Not really, but it does learn.

Over the past few days I have been working moderately in getting my Go5 learning element up and working, and today I confidently exclaim success (Javadocs found here). The learning engine is based on the Specialization/Generalization (candidate elimination) algorithm. Essentially, it learns by observing positive and negative examples and inferring from them the information that is important for classifying similar examples in the future. I won’t go into the implementation of the algorithm itself at this time (I defer that until the paper is completed), however I will give an example of how it works.

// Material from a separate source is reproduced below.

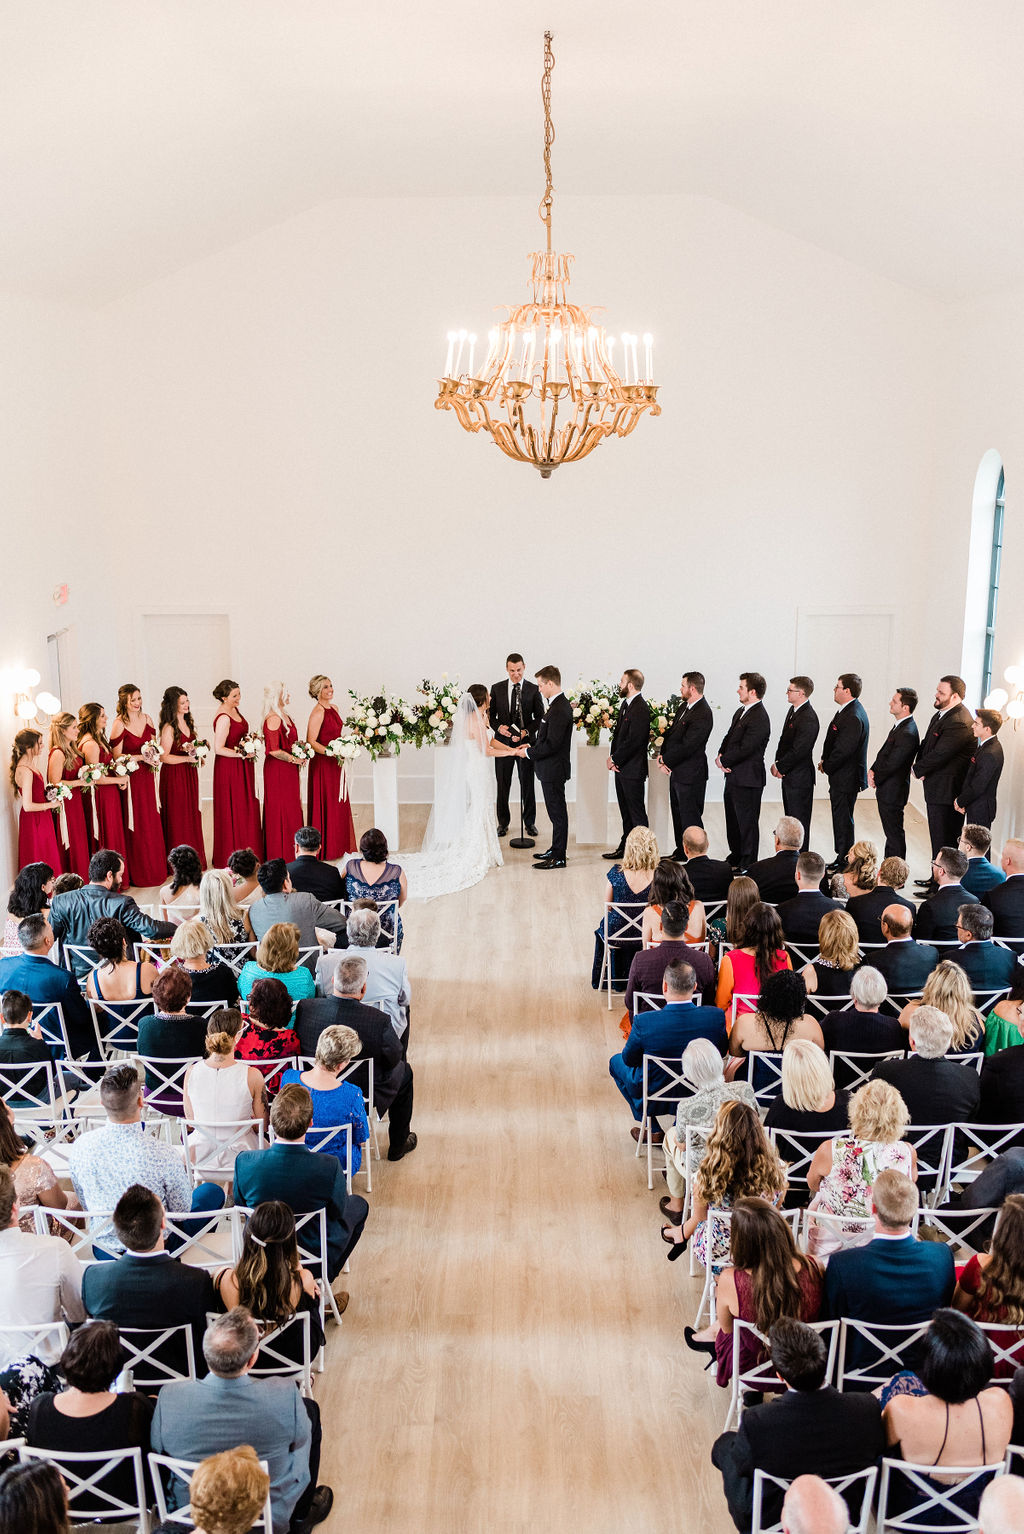 A wedding ceremony taking place at the Loft 310 Chapel in Kalamazoo, Michigan
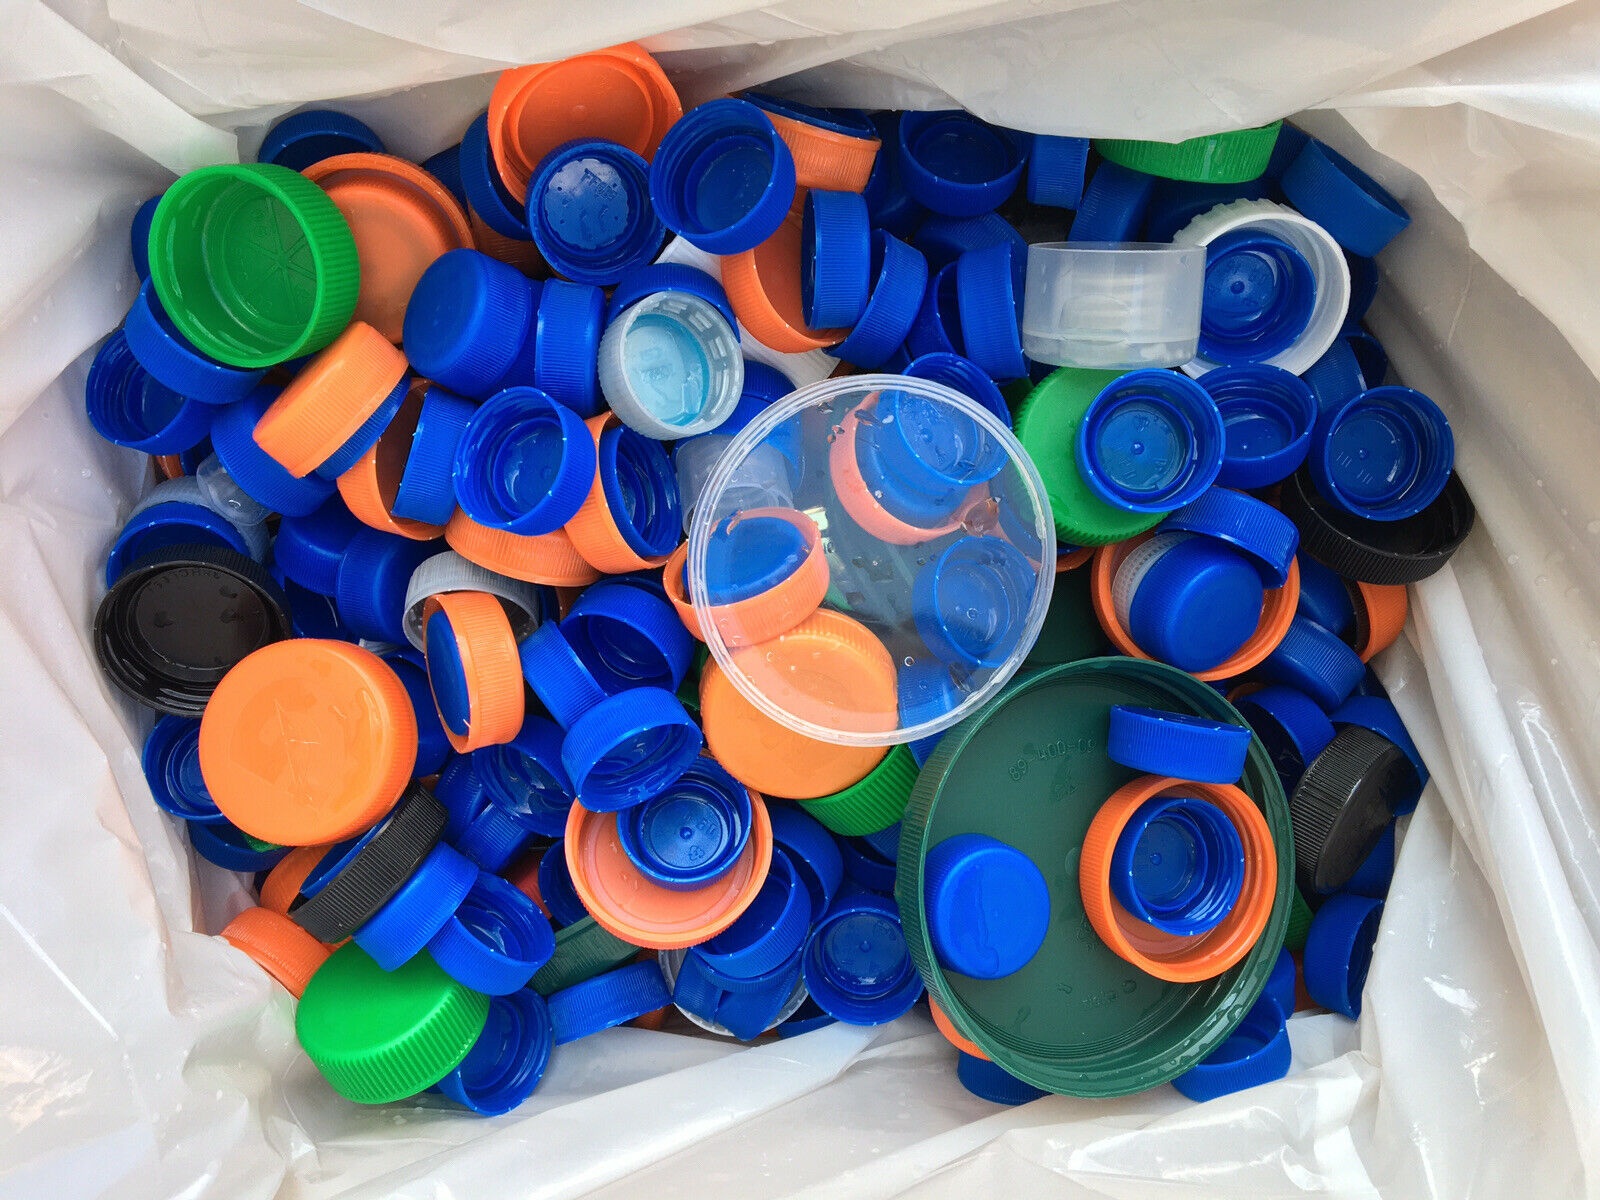 600 Clean Plastic Bottle Caps - Assorted Colors & Sizes - For Crafts

Envision a scenario where I go to my local comic shop searching for any Cerebus books in near mint condition only. This shop is run entirely by robots that use the candidate elimination algorithm to help customers find what they are looking for. All comics at the shop have the following attributes: Title, Number, Price, Format, Condition, and of course its desirability. In order for the clerk robot to figure out what I’m looking for using the candidate elimination algorithm, it needs to juggle two sets, G and S. G refers to the most general search criteria, while S refers to the most refined. Using the CE algorithm, the learning element is considered to have figured out what I’m looking for when S and G are the same.

Starting off with the comic [Cerebus, 100, \$5, TPB, NM] which I accept as desirable: ``` Generalization initialized to [[?v, ?v, ?v, ?v, ?v]] Specialization initialized to [[Cerebus, 100, \$5, TPB, NM]]```

As you can see, G is filled entirely with variables and means that based on it, I am looking for anything. S on the other hand is set to the example itself, which means that I may be looking only for this precise comic.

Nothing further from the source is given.